Dataset content:
-----

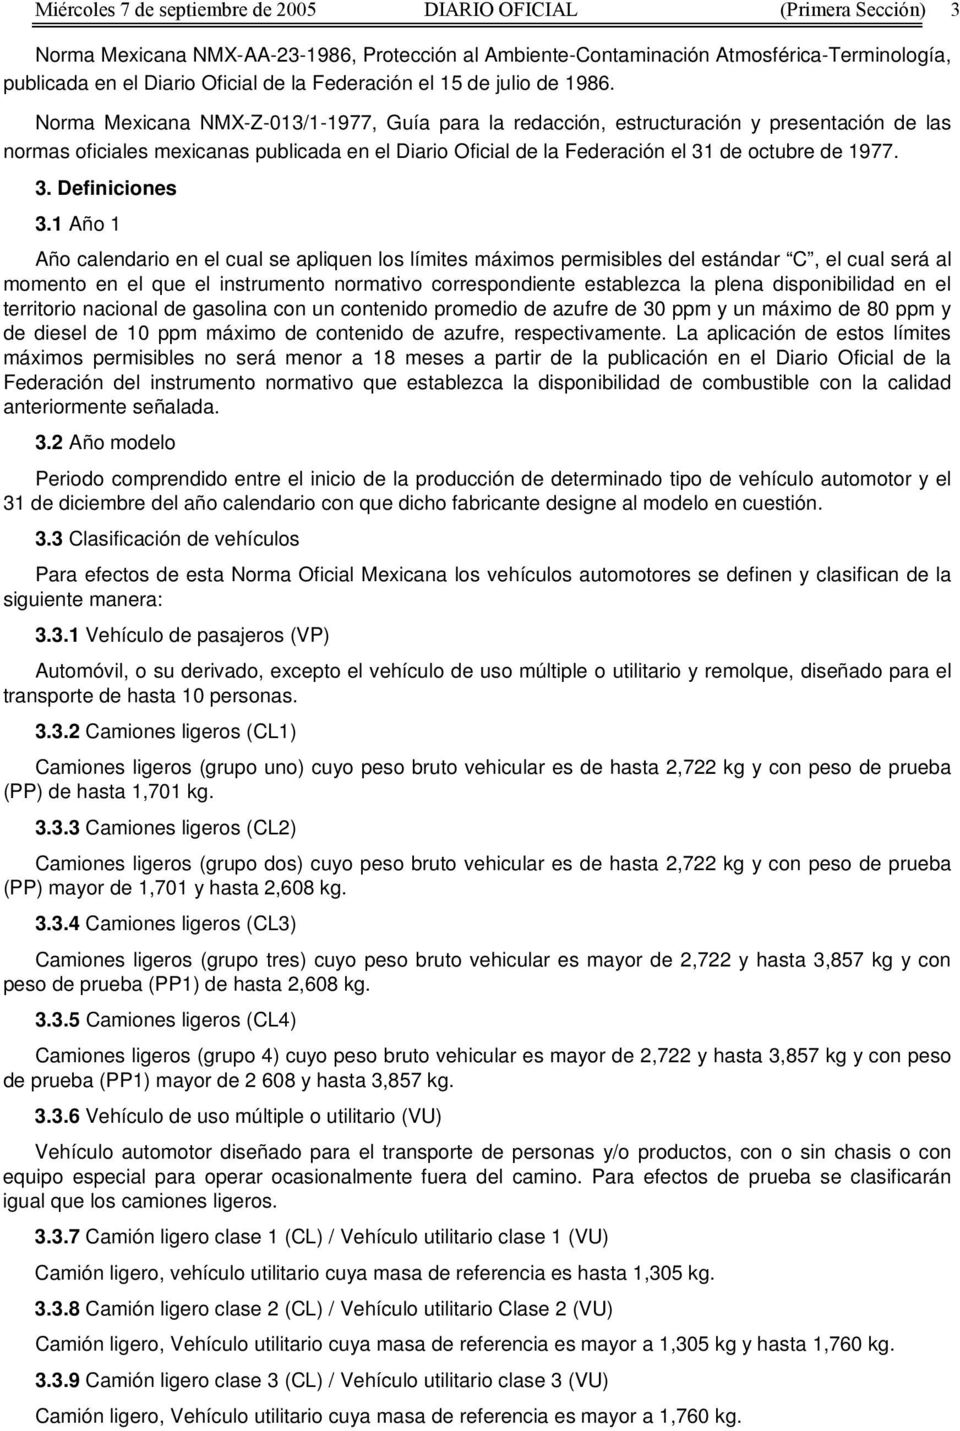 Norma Mexicana NMX-Z-013/1-1977, Guía para la redacción, estructuración y presentación de las normas oficiales mexicanas publicada en el Diario Oficial de la Federación el 31 de octubre de 1977. 3. Definiciones 3.
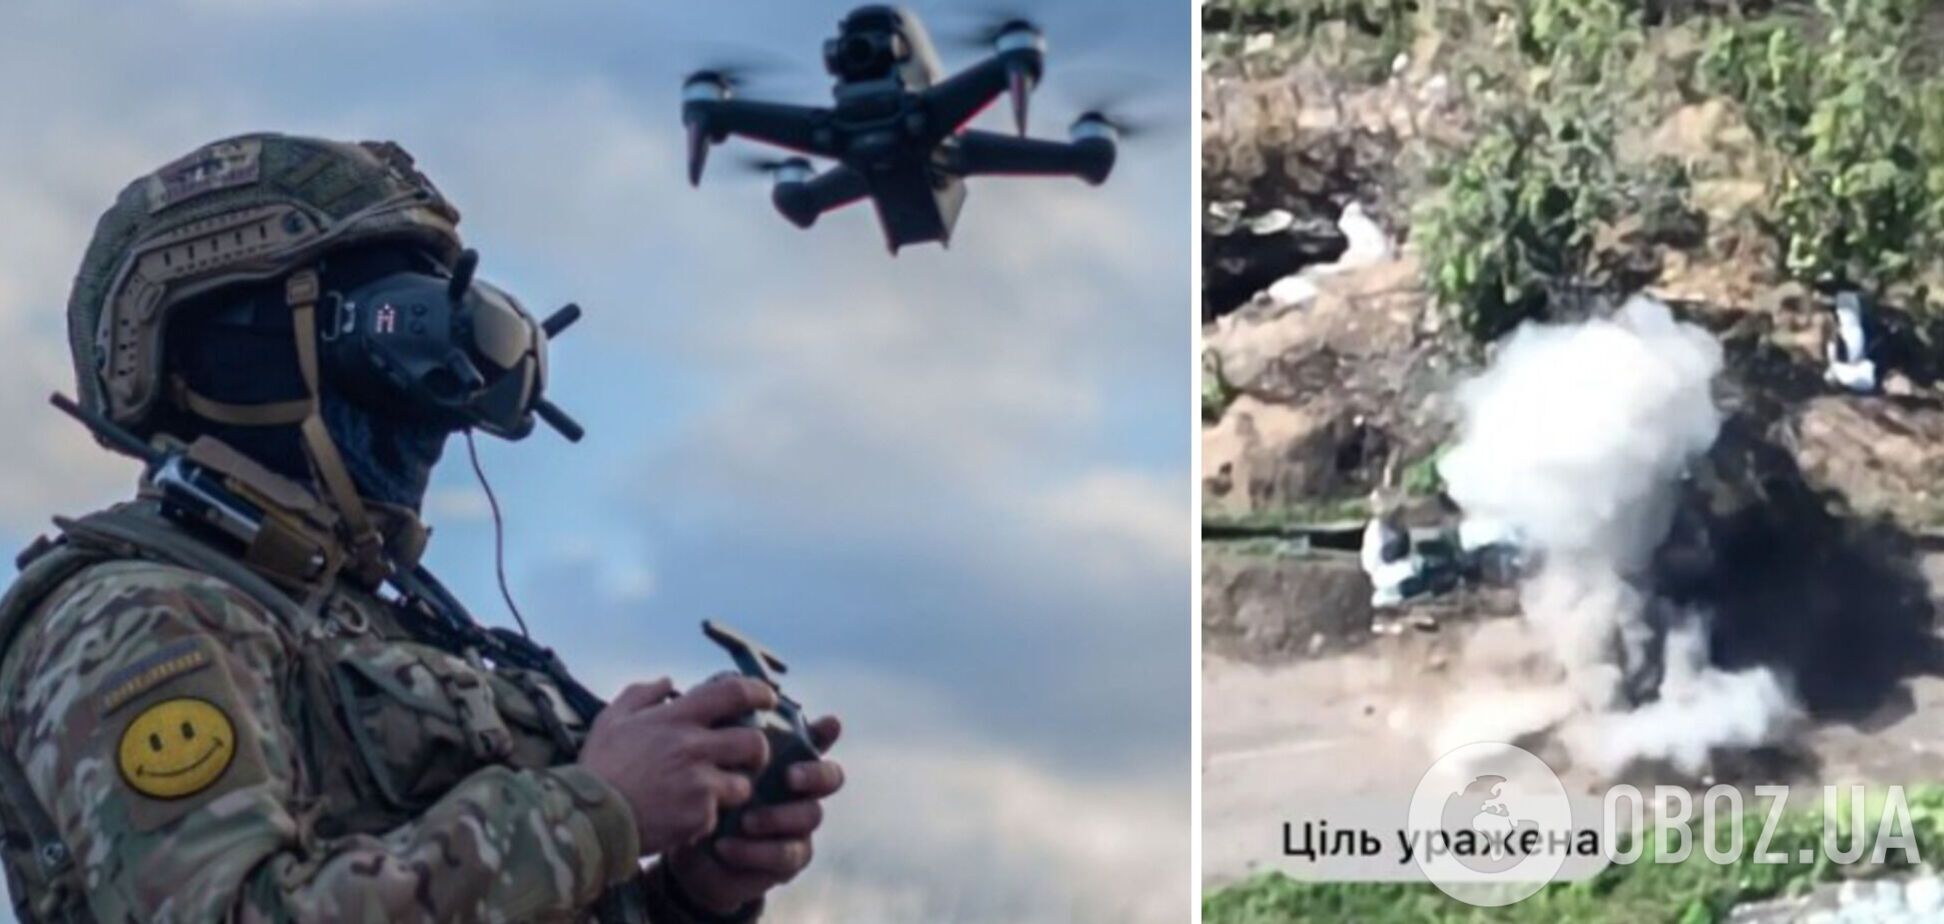 Точно в цель: Донецкая ТрО показала, как уничтожает врага с помощью FPV-дронов. Видео
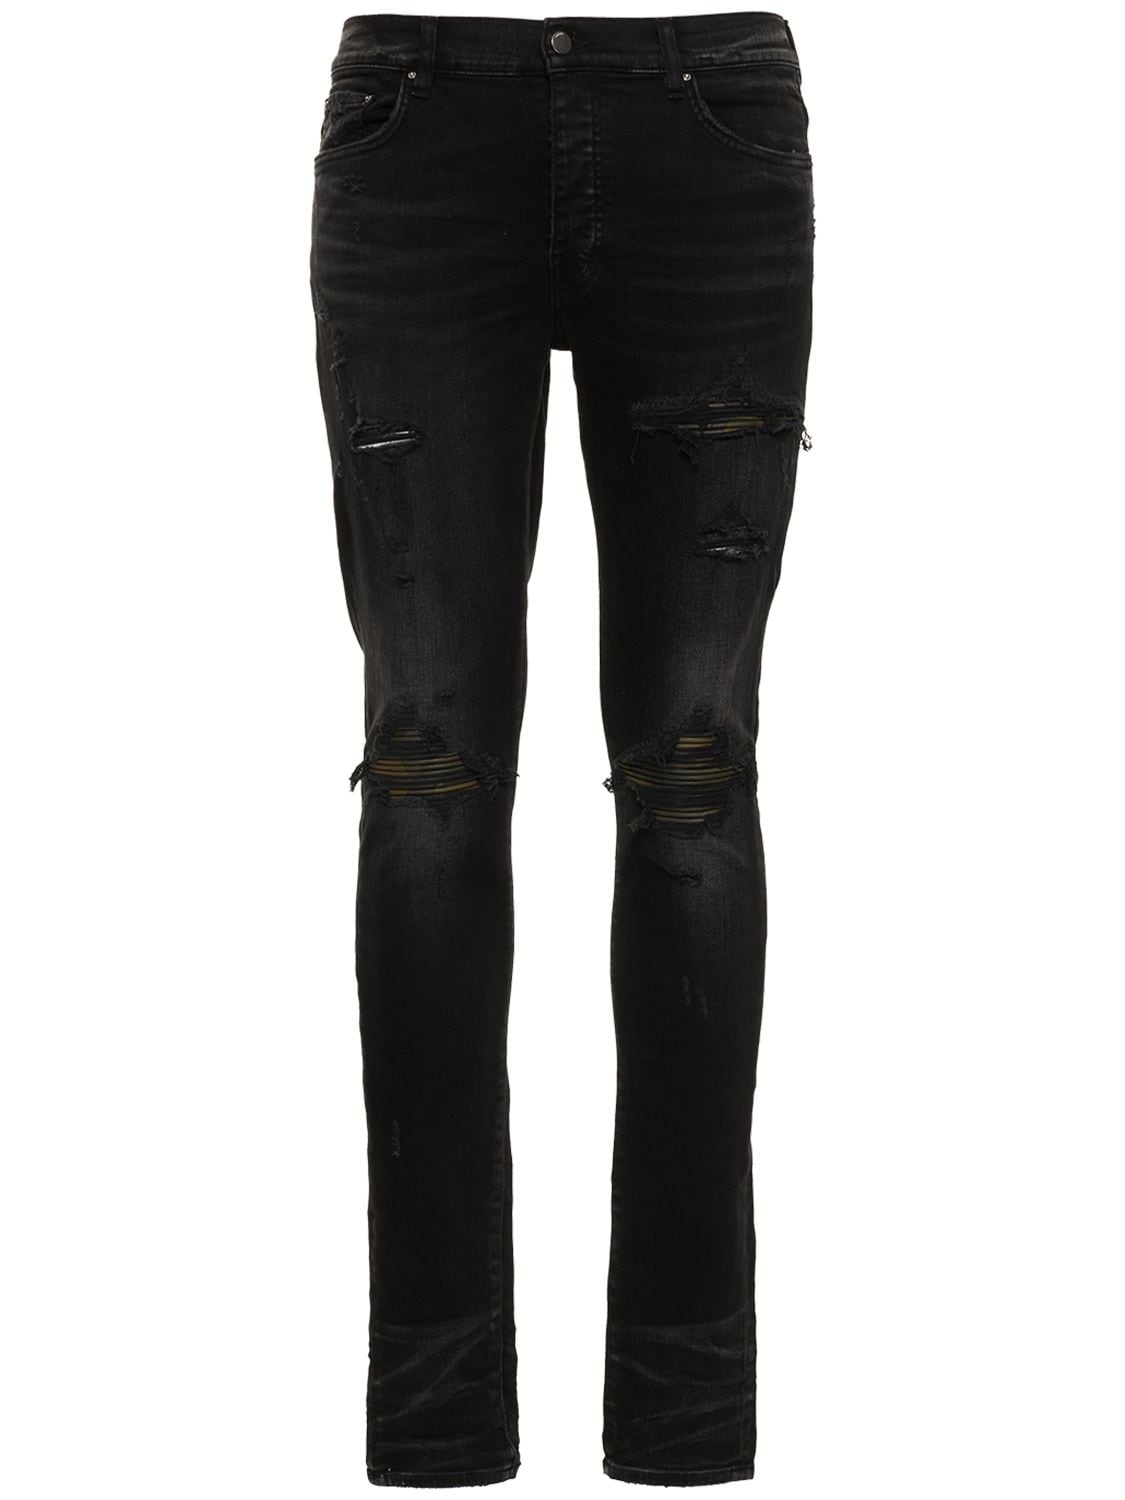 Mx1 Leather Camo Stretch Denim Jeans
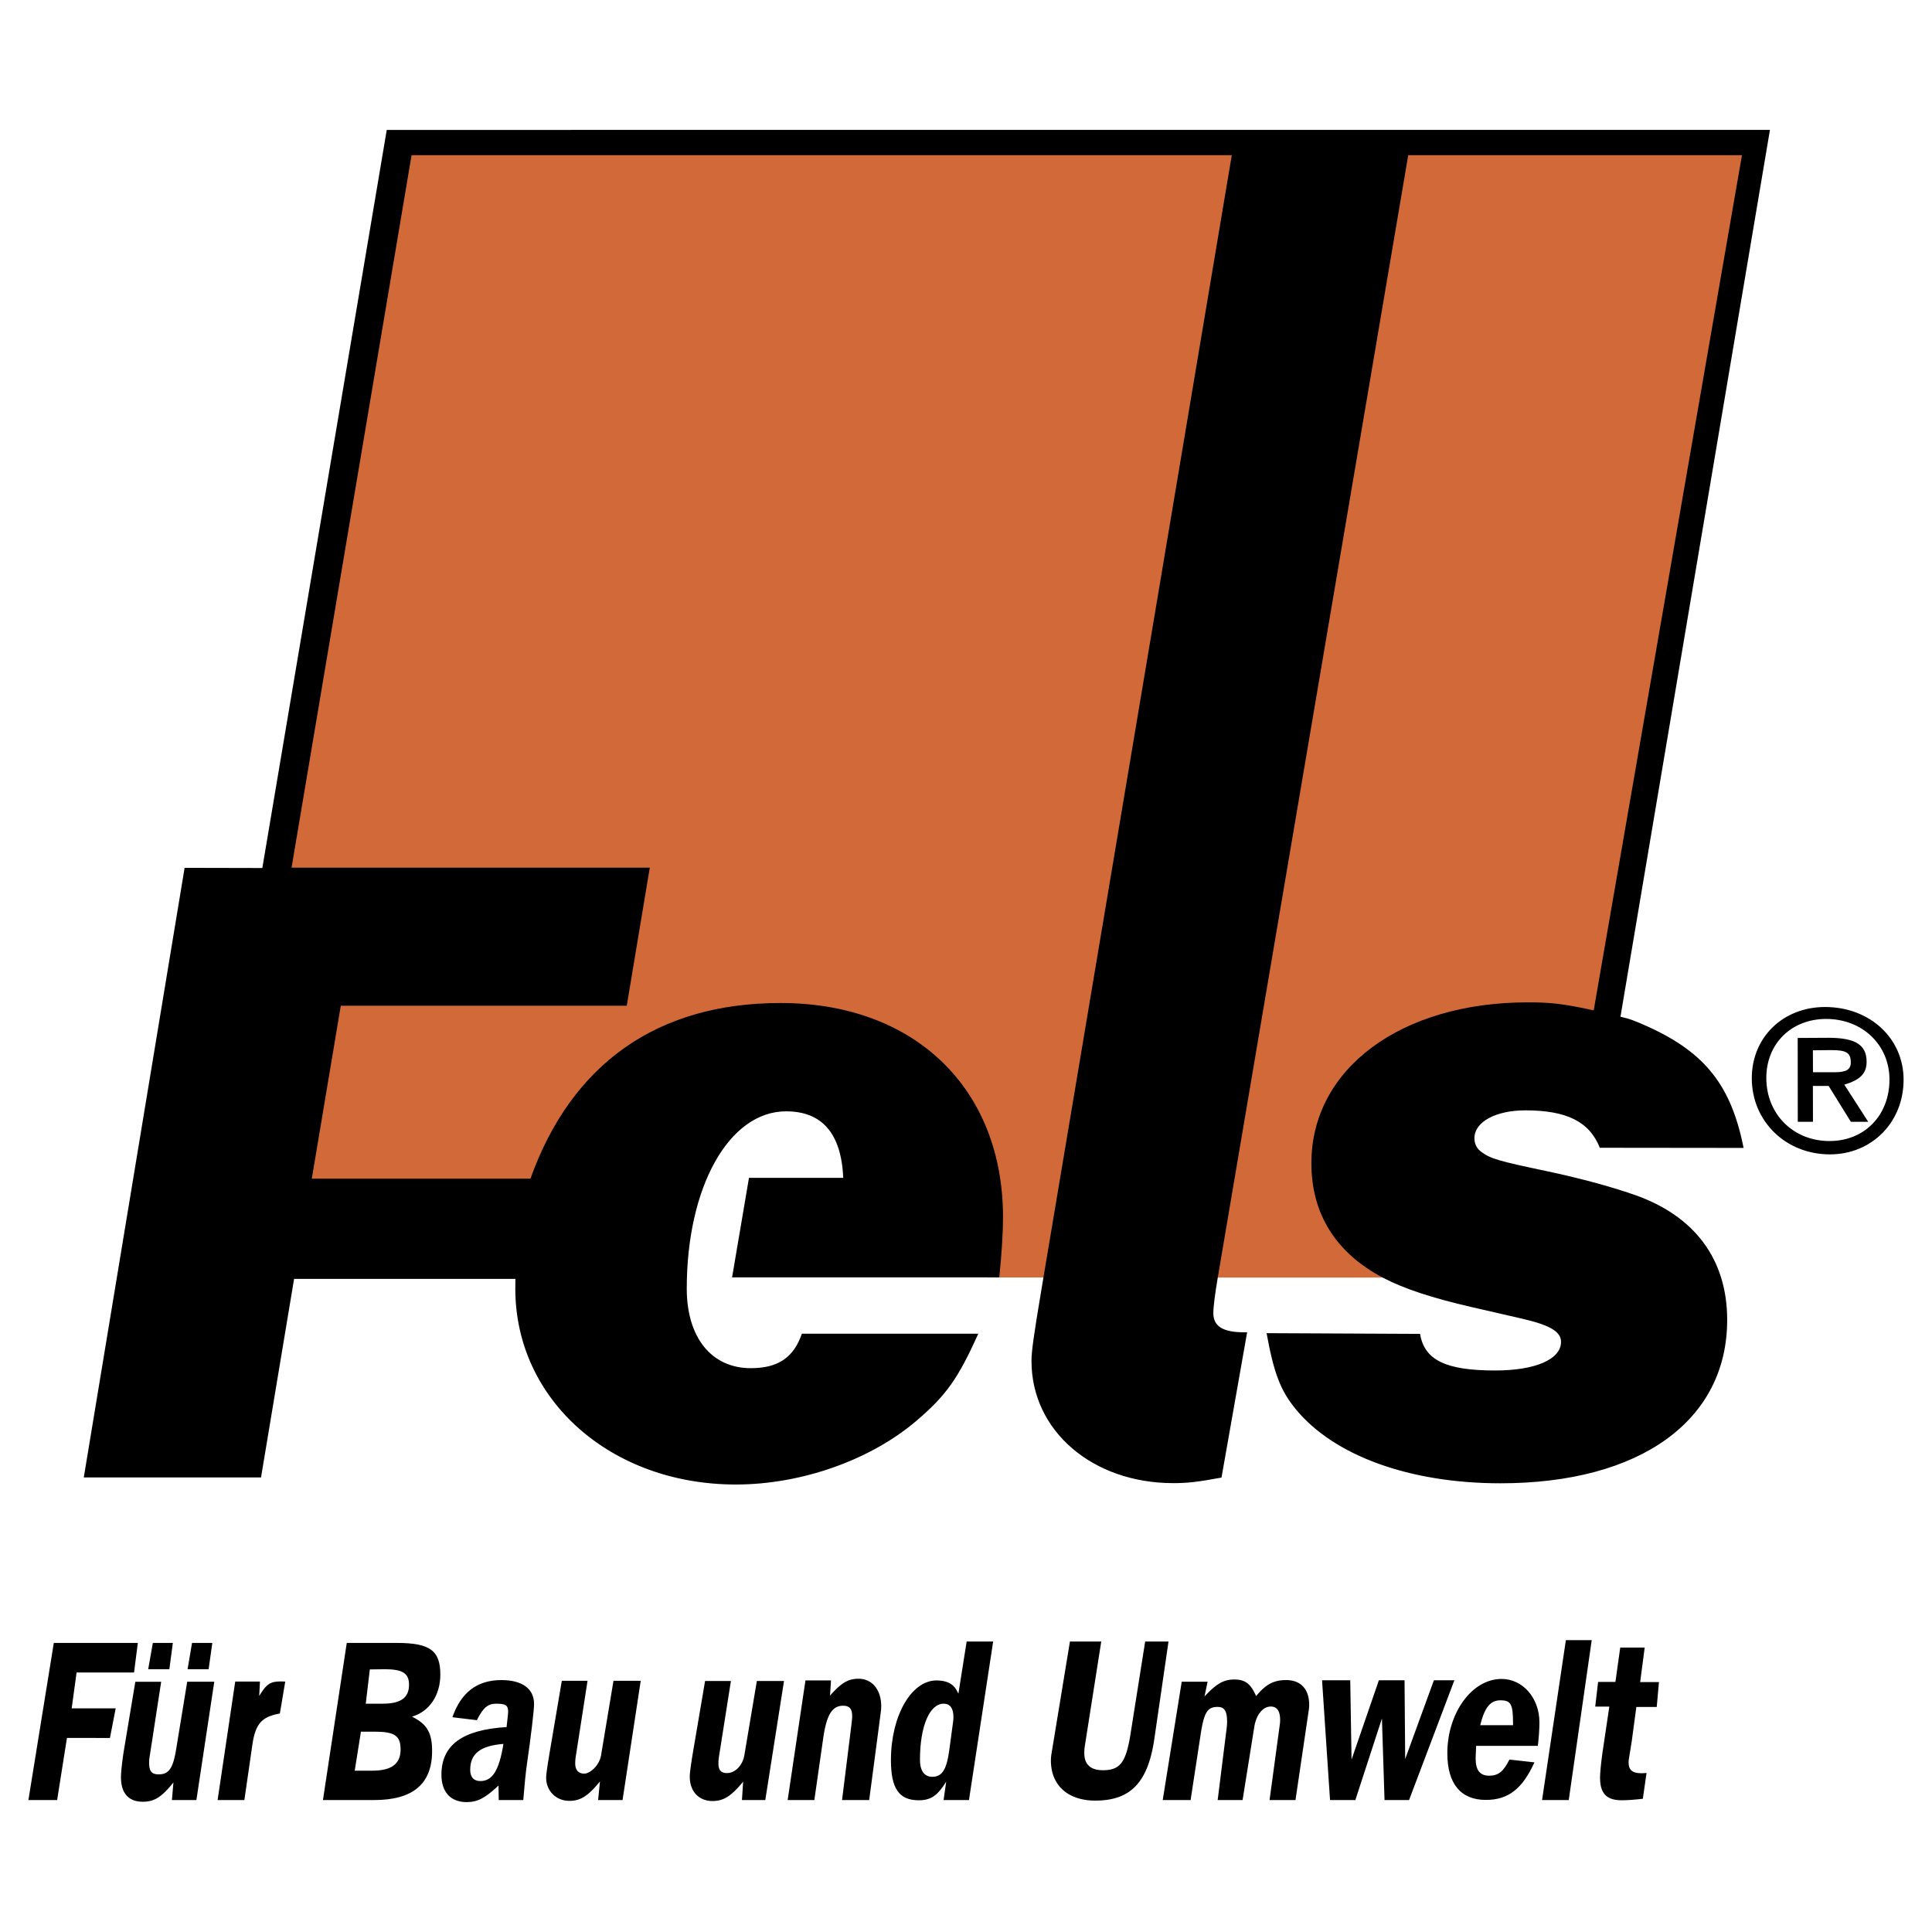 Fels-Naptha logo colors

-----

Work task:
Transcribe exactly the line that contains "Точно в цель: Донецкая" and each line after it through the end of the listing. Leave out the pictures.

Solution below:
 Точно в цель: Донецкая ТрО показала, как уничтожает врага с помощью FPV-дронов. Видео
 Mx1 Leather Camo Stretch Denim Jeans
 Fels-Naptha logo colors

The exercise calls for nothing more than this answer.